Miller had pushed to have the counties pick up more of the funding for the pensions of the teachers in their school systems, but that effort failed in the House.

Miller noted that a report by the Pew Center for the States this year found that Maryland one of the eight lowest states in the funding of its future pension liabilities, currently estimated at $18 billion. He also quoted from rating reports on Maryland bond issues by Moody’s and Standard & Poor’s citing concerns about the state’s retirement system.

The new pension panel is a select group headed by former House Speaker Caspar Taylor.

“I feel confident we will solve this problem,” Taylor said. But it is important to “get all the special interests in the state into that same boat.”

Barbara Hoffman, former chair of the Senate Budget and Taxation Commission, said, “Politics is not the job of this commission.
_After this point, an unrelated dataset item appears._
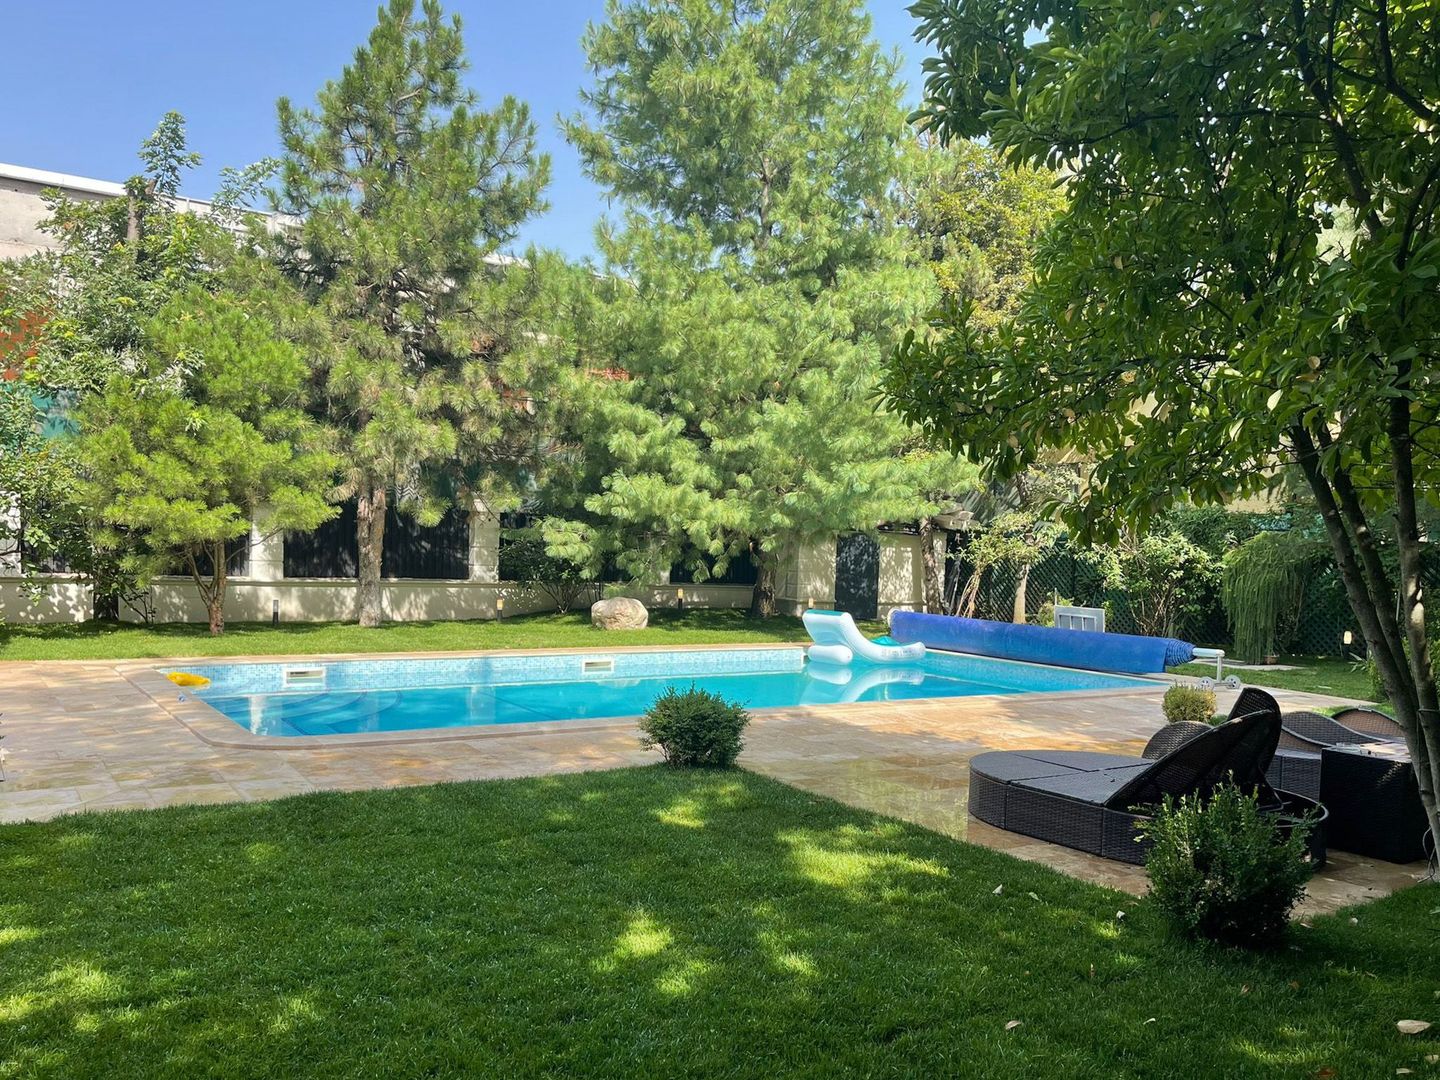 Eleganță în Vila de Excepție | Vila cu piscina încălzită și curte impresionanta

I hope we will come with a solution that is fair to everybody.”

While the commission has been given a full year to complete its work and come up with recommendations, Taylor said there is pressure for them to propose changes for the 2011 session of the new legislature. “I am skeptical that we can make it,” Taylor said.

Thursday’s session was mostly taken up with a briefing by legislative staff on employee compensation and a comparison of the employee retirement systems around the country.
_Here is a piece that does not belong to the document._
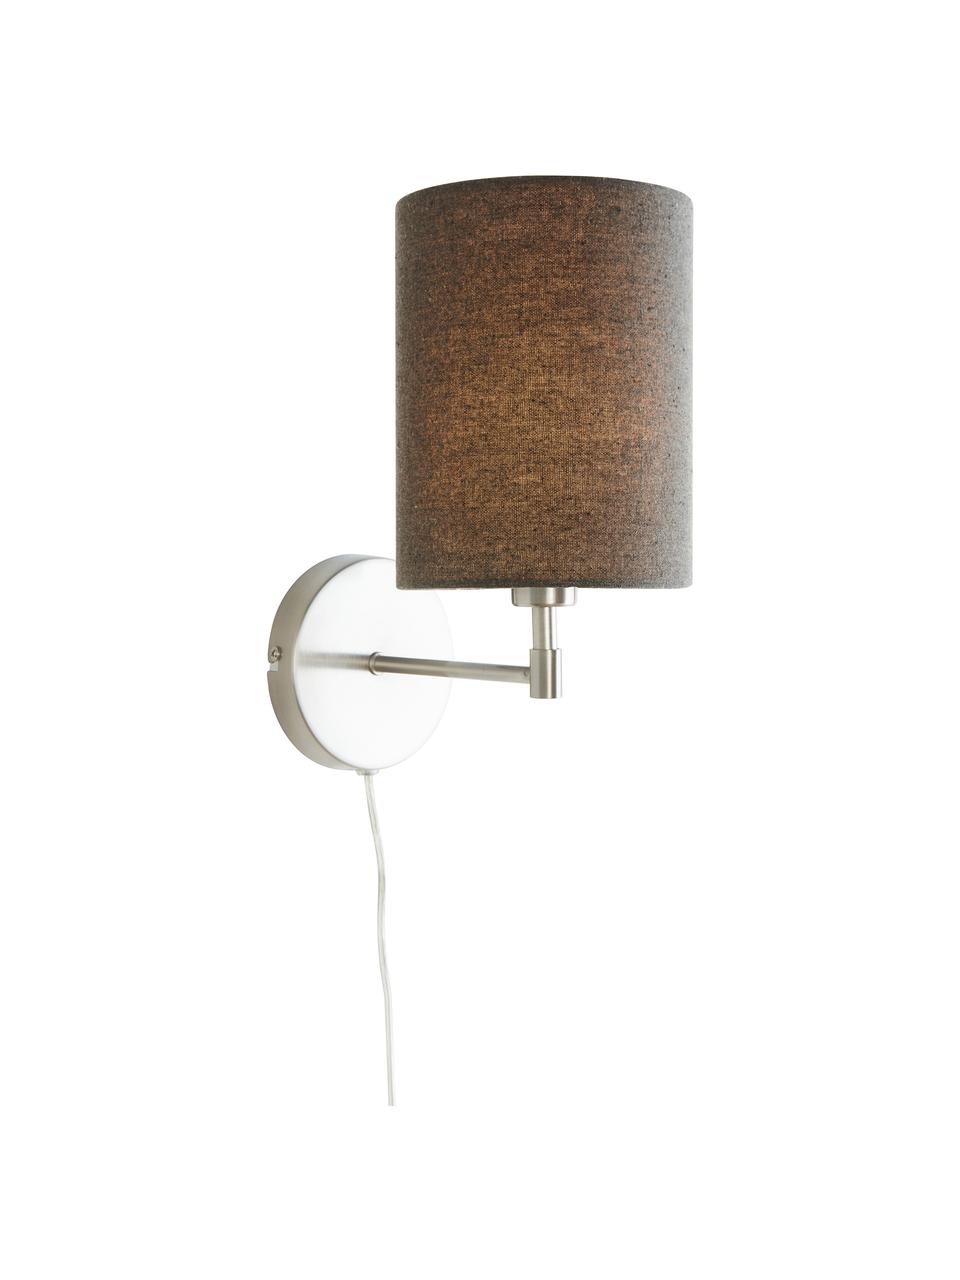 Klassieke wandlampen Seth met stekker, 2 stuks, Lampenkap: textiel, Grijs, nikkelkleurig, D 23 x H 32 cm

After the hearing, Sue Esty, legislative director for the American Federation of State, County and Municipal Employees, said, “It is clear that Maryland is not extreme in any way” in its retirement benefits, which are “comparable to other states.”

She said AFSCME’s main concern was that the state not make changes that will “harm the running of state government.”

Rai Douglas, president of the AFSCME unit representing parole and probation officers, said, “We have no problem hiring parole and probation agents, but have a problem retaining them,” as they move to the federal government and surrounding states for higher pay.